Trump Is An ‘Asteroid of Awfulness,’ U.K. Labour Party Says

  • Emily Thornberry calls U.S. president ‘a danger’ and ‘racist’
  • Trump canceled plans to open new embassy in London next month

Donald Trump is an “asteroid of awfulness,” said the U.K. Labour Party’s spokeswoman on foreign affairs, Emily Thornberry, deepening the rift between Britain’s main opposition and the U.S. president.

“He is an asteroid of awfulness that has fallen on this world,” Thornberry said in an interview on BBC television’s "Andrew Marr Show” on Sunday. “I think that he is a danger and I think that he is a racist.”

Emily Thornberry

Photographer: Jeff Overs/BBC

Thornberry’s remarks came after a week in which Trump called off a planned London visit next month to open the new U.S. Embassy, saying he didn’t like the deal to move the mission. He also was reported to have described Haiti and African nations as “shithole countries,” a comment that may have spurred Thornberry’s “racist” accusation. Trump has denied using the language.

The comments may have greater significance because Thornberry would be foreign secretary if Labour wins the next general election. While no vote is due until 2022, Prime Minister Theresa May runs a minority administration that’s vulnerable to defeats and the possibility of an early election. While May herself hasn’t had the easiest relationship with Trump, she’s relying on the U.S. as a partner for a future trade deal once Britain leaves the EU.

Lewis, Corbyn

“We’ve got a very strong, longstanding, hugely important relationship with the United States,” Conservative Party Chairman Brandon Lewis said on Sunday in an interview on the same BBC show. “We’ve got to make sure we’re developing and continuing that relationship beyond any of us as individuals.”

Labour leader Jeremy Corbyn amplified Thornberry’s attack and said if Trump had visited, “after his comments over the weekend about other countries, particularly in Africa, that the reaction against him would be huge.” He declined to say whether the relationship with the U.S. is Britain’s most important, pointing to the European Union, China, India and organizations like the United Nations as also important.

“The biggest disappointment of Donald Trump is, well apart from his endless offensive remarks about women, about minorities and about different faiths, is his failure to support international institutions like the United Nations and UNESCO,” Corbyn said.

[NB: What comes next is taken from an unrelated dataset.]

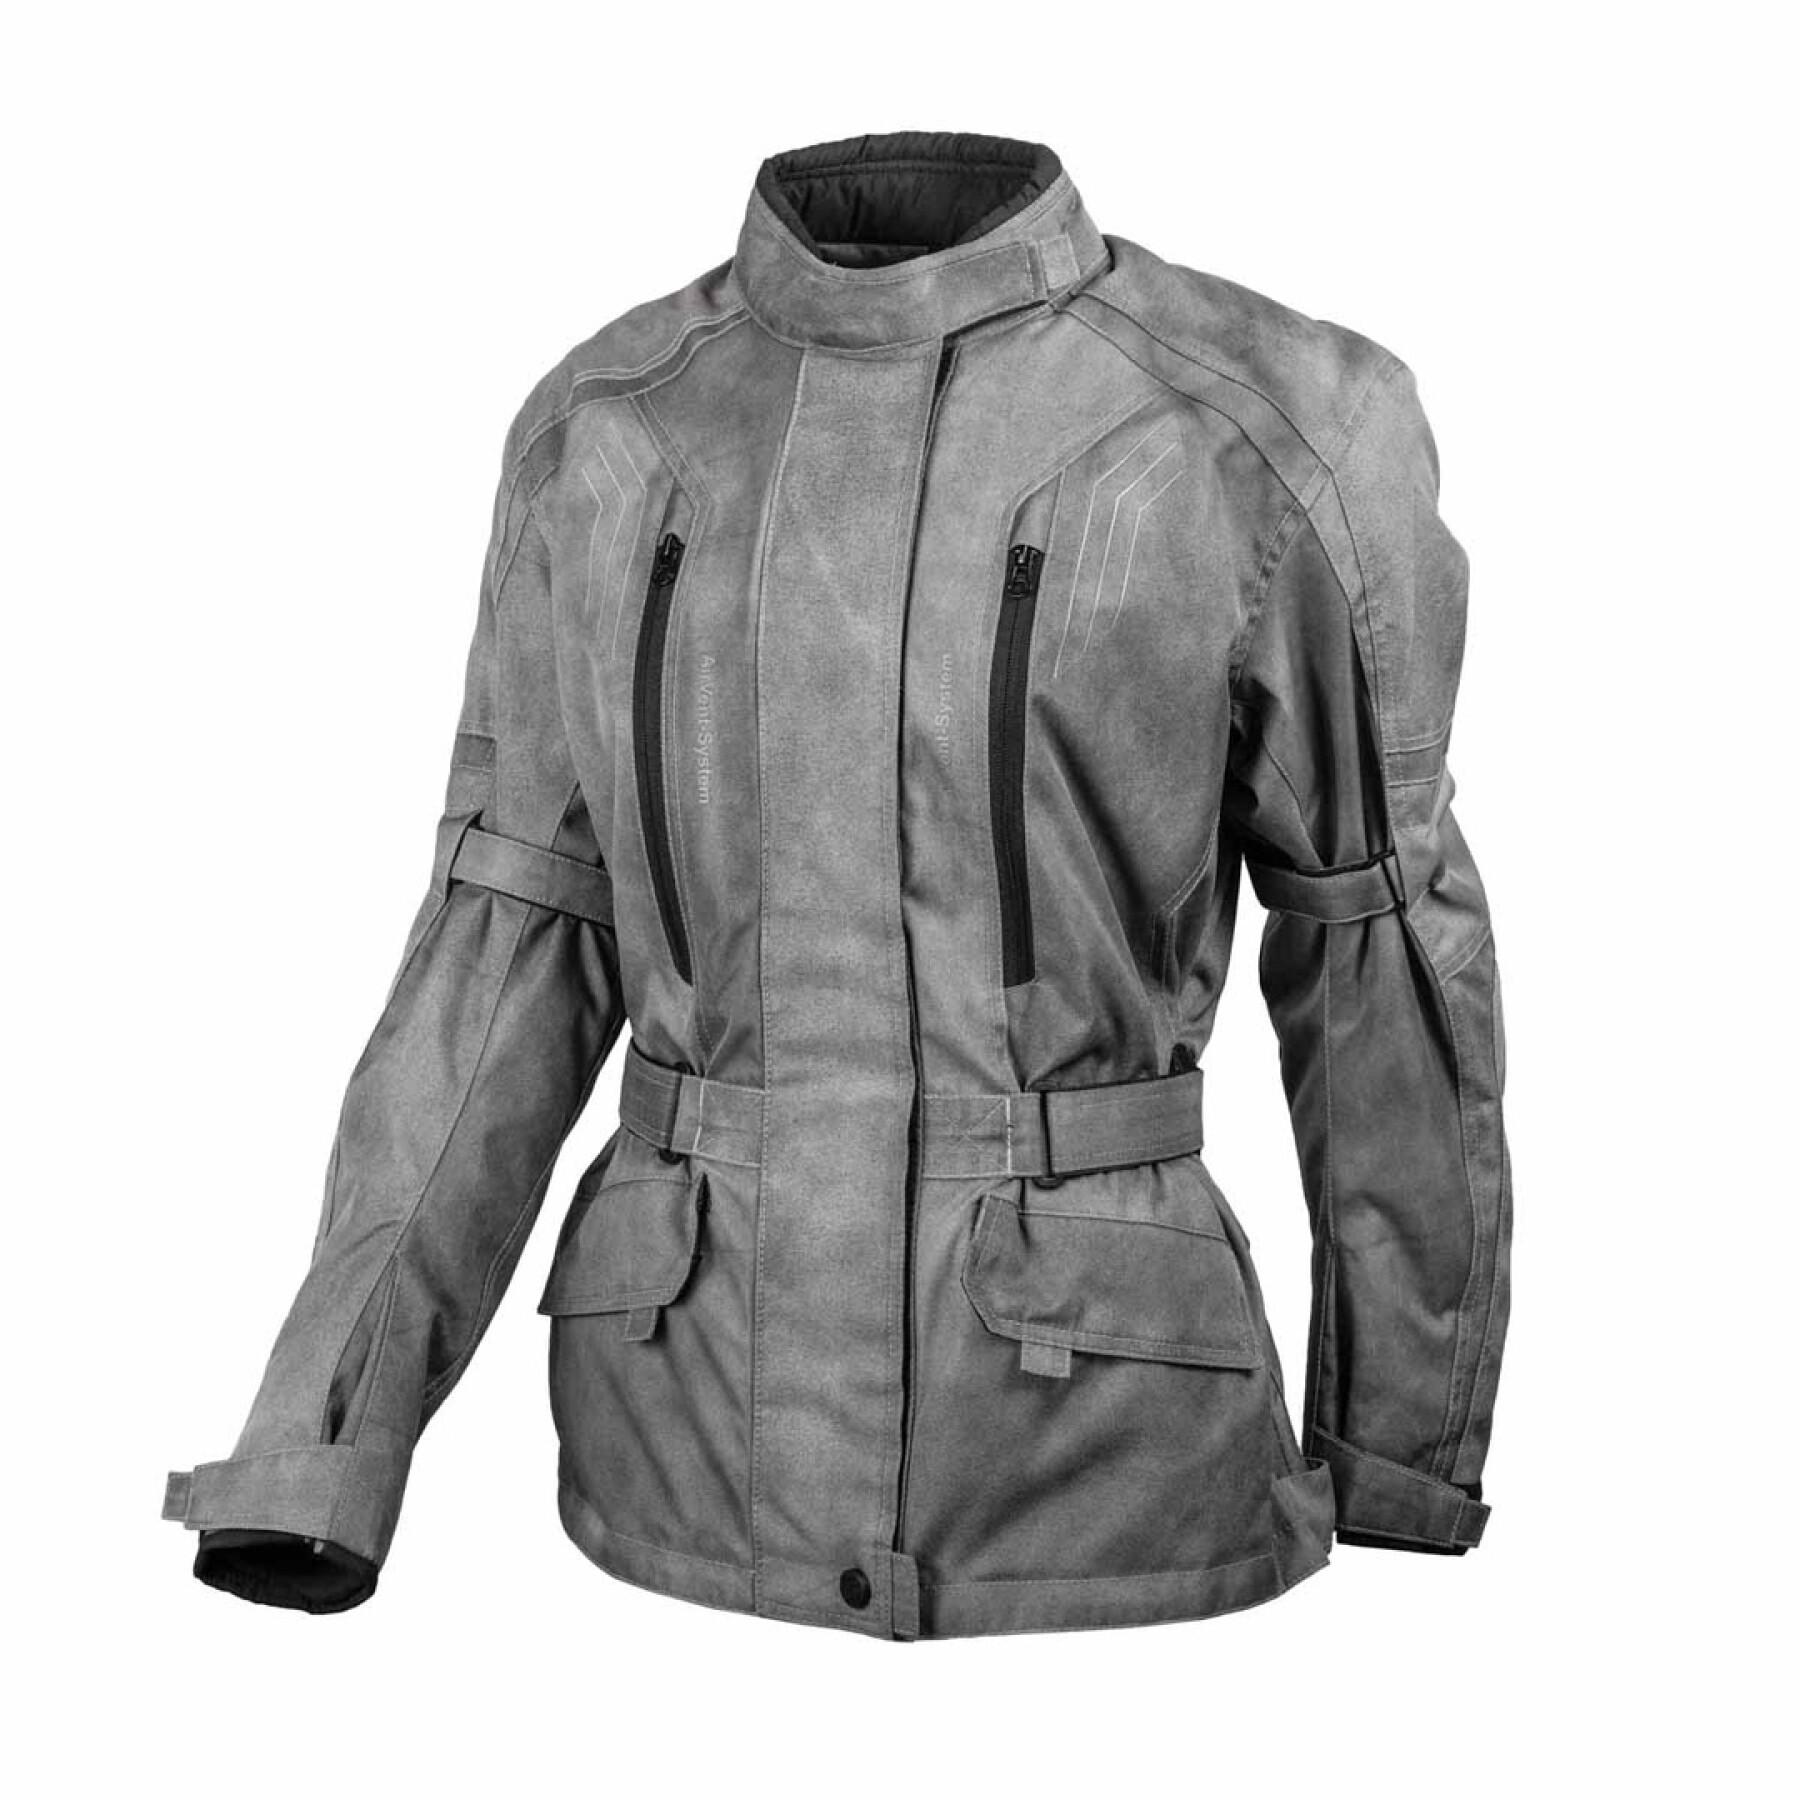 Motorcycle jacket for women GMS dayton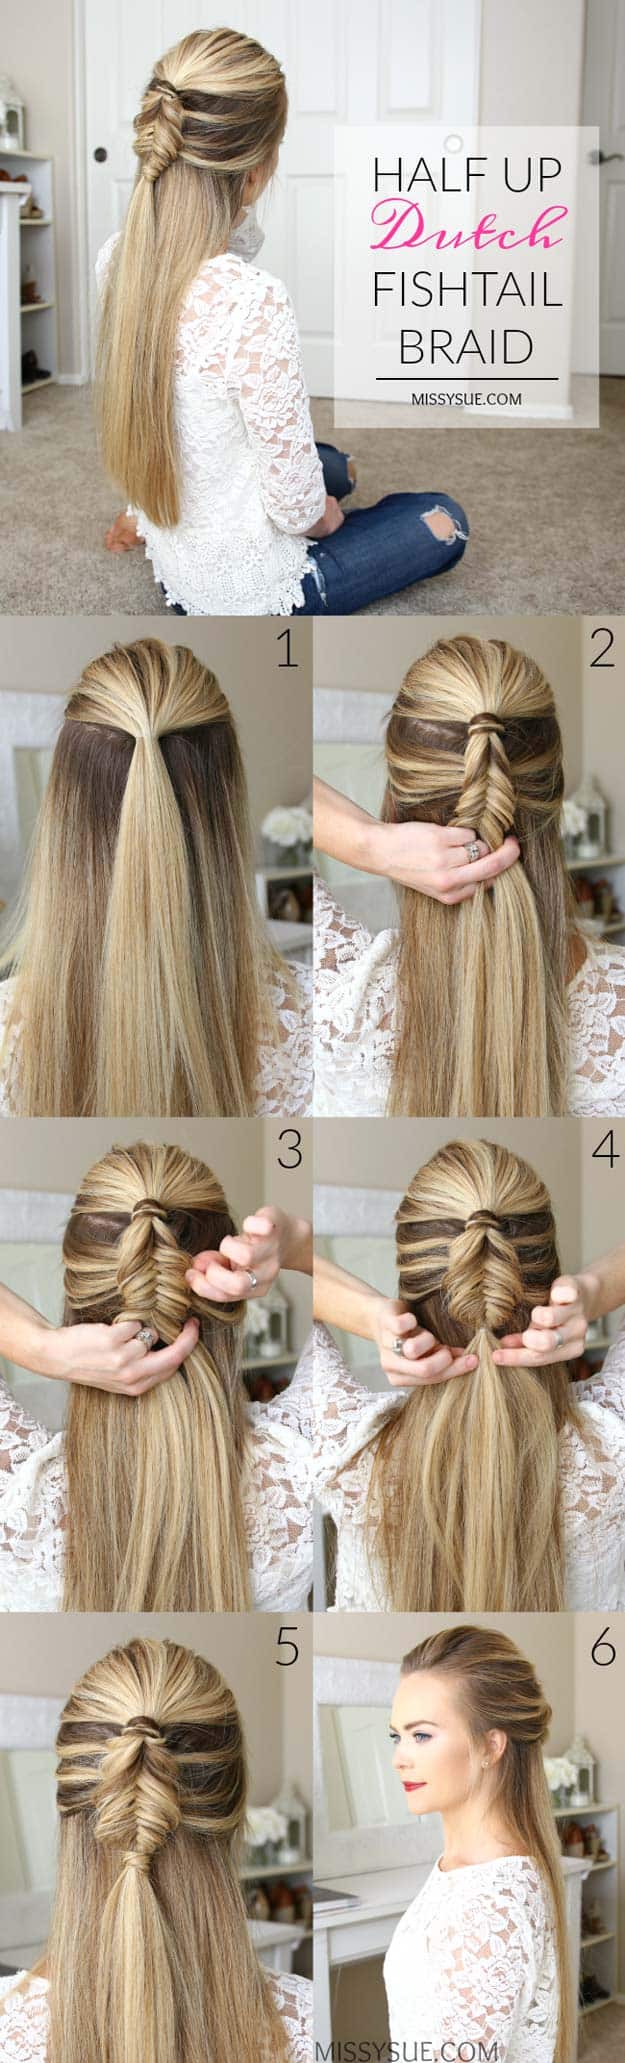 15 creative hair braiding tutorials and styles from a half Dutch fishtail braid

Trump also has a poor relationship with London Mayor Sadiq Khan, one of Labour’s most prominent politicians. The two men have traded criticisms on Twitter. After Trump called off the visit, Khan said Trump “would without doubt have been met by mass peaceful protests” if he hadn’t canceled the trip. “It appears that President Trump got the message.”

Comments such as Sadiq’s don’t help Britain, Lewis said.

May has also clashed with Trump, notably after he re-tweeted three videos made by a far-right British group in November. She’s faced repeated criticisms domestically for offering to host the U.S. president on a state visit shortly after his inauguration a year ago.